Planeconomie & Vastgoedrecht

Bestemmingsplan Valkenhorst: bouw woningen bij natuurgebieden hand in hand

dinsdag 14 januari 2025

De positieve uitspraak van de Raad van State inzake handhaving van het bestemmingsplan Valkenhorst in Katwijk (11 december 2024) geeft aan dat onderbouwing van de referentiesituatie van groot belang is bij de beoordeling van dergelijke bestemmingsplannen.

Casus Valkenhorst
In deze casus gaat het onder meer over de bouw van 5.600 woningen op het plangebied Valkenhorst (475 ha) dat zich bevindt op het voormalige Marinevliegkamp Valkenburg.

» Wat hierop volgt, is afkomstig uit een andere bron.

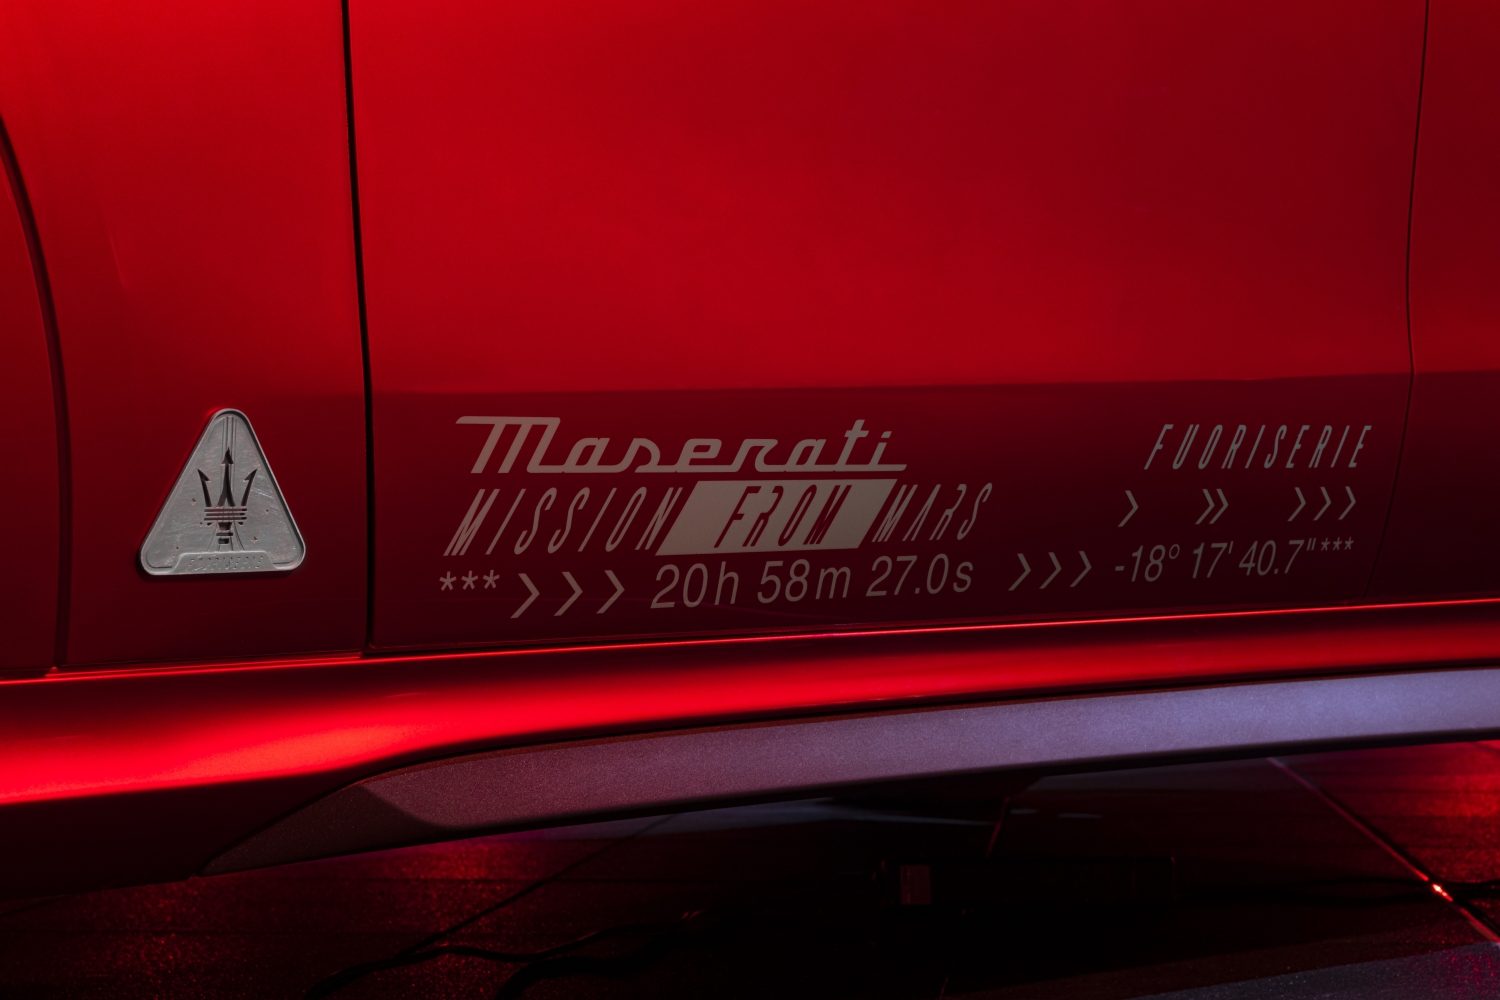 Decals on the side of the Maserati Grecale Mission to Mars bespoke car
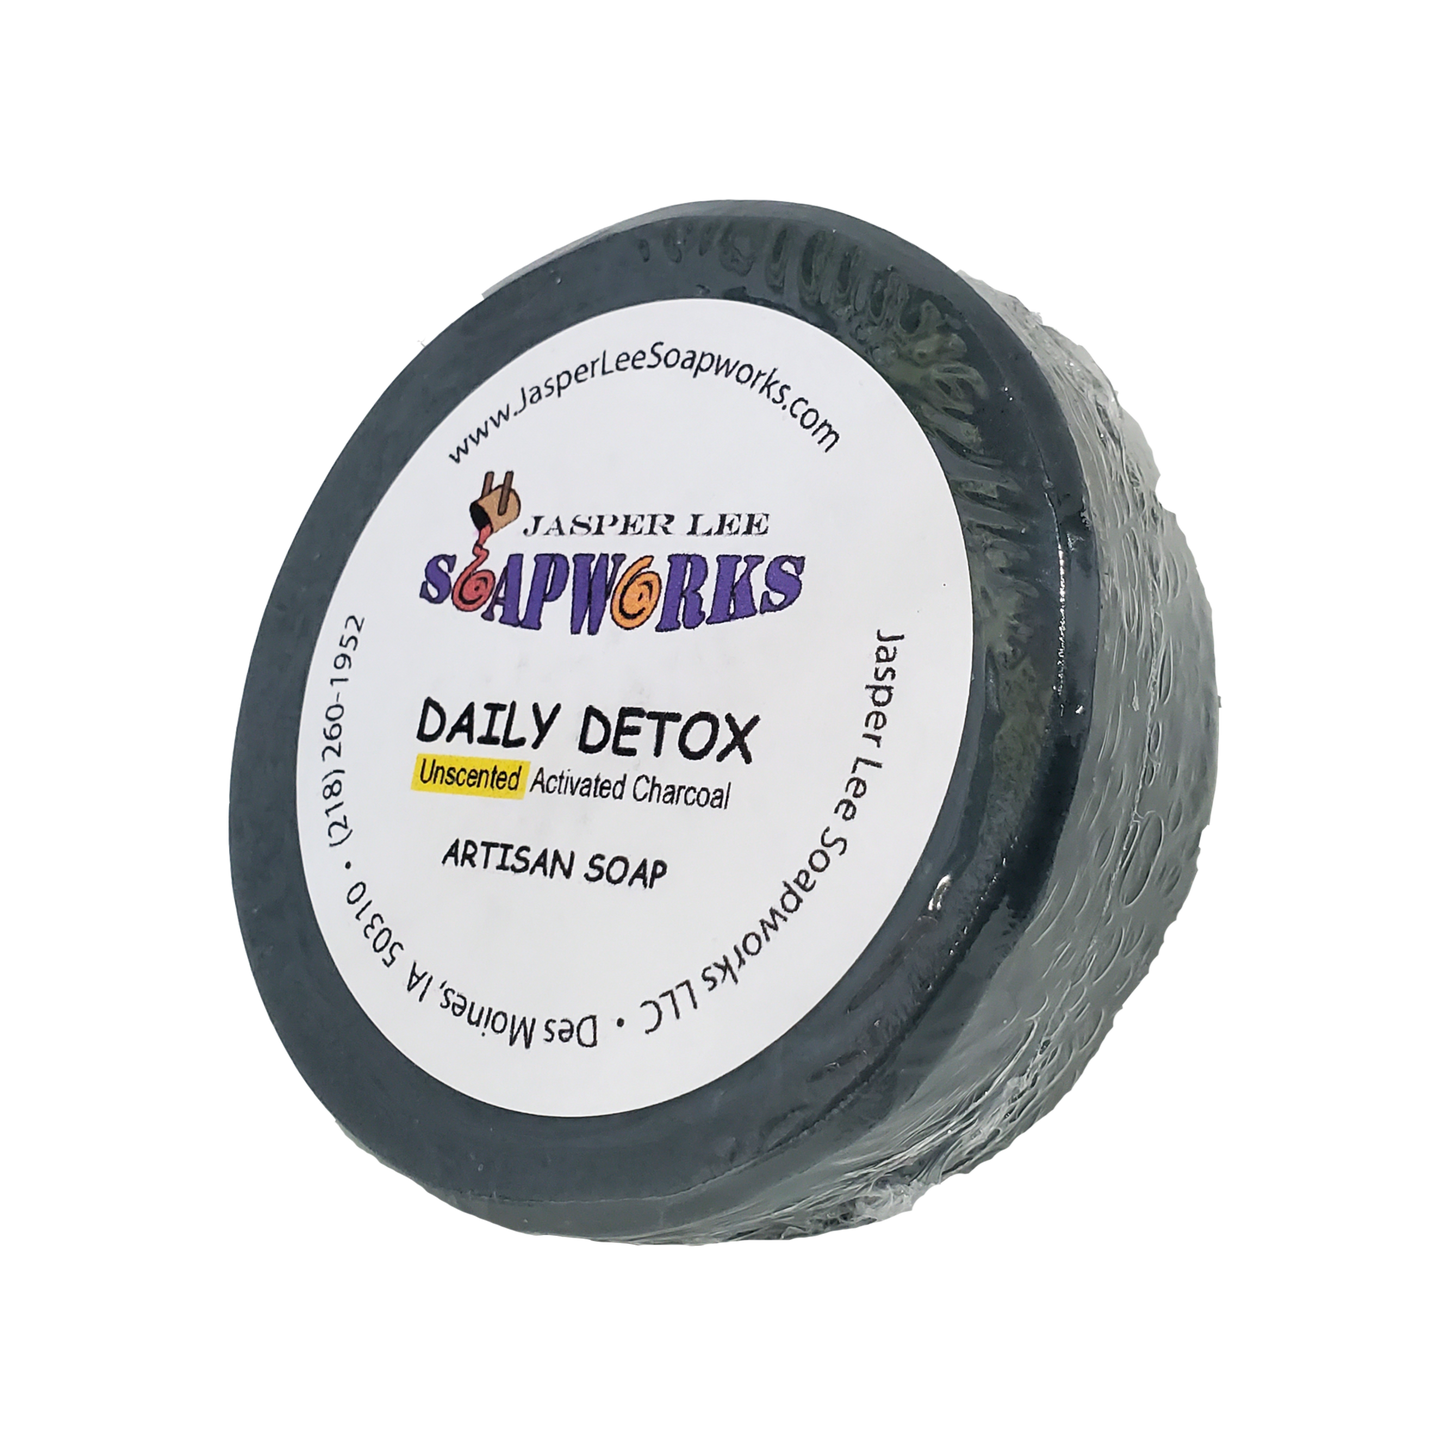 Unscented Daily Detox activated charcoal soap in biodegradable clear packaging

De activiteiten in Valkenhorst liggen nabij kwetsbare Natura 2000-gebieden (zoals Meijendel & Berkheide). Volgens de Wet natuurbescherming, die van toepassing was op het moment van vaststellen van het plan, mag een nieuw plan niet leiden tot een significante verslechtering van deze natuurgebieden. Eén van de belangrijke onderdelen in de wet is stikstofdepositie op een overbelast Natura 2000-gebied.

Intern salderen

Een belangrijk aandachtspunt was daarom de stikstofuitstoot bij de ontwikkeling, de bouw en het gebruik van het gebied. Overwater Rentmeesterskantoor droeg hiervoor een plan als oplossing aan: intern salderen. Hierbij wordt de stikstofruimte van andere, vaak agrarische bedrijven ingetrokken om de impact van nieuwe ontwikkelingen te compenseren.  Dit is een gangbare praktijk binnen de stikstofregelgeving, maar vereist nauwkeurige onderbouwing.

Onderbouwing referentiesituatie
Overwater Rentmeesterskantoor maakte daarom een uitvoerige onderbouwing van de feitelijke en juridische situatie van de agrarische bedrijven en de gronden. De onderbouwing bestond uit:

  • foto’s;
  • een proces-verbaal van een deurwaarder;
  • stallijsten van de agrarische bedrijven.

Daarnaast is een uitvoerige onderbouwing overlegd van de juridische status van de natuurtoestemmingen van de bedrijven.

Succesvolle aanpak
We vroegen Laurens Gräper van Overwater Rentmeesterskantoor wat deze aanpak anders dan anders maakt:

“Ik denk dat onze aanpak afwijkt van de situaties waar het niet goed gaat doordat wij echt goed in kaart brengen wat de feitelijke situatie is in de referentiesituatie in combinatie met het optimaliseren van het plan om zo weinig mogelijk stikstof uit te stoten op de stikstofgevoelige natuurgebieden.  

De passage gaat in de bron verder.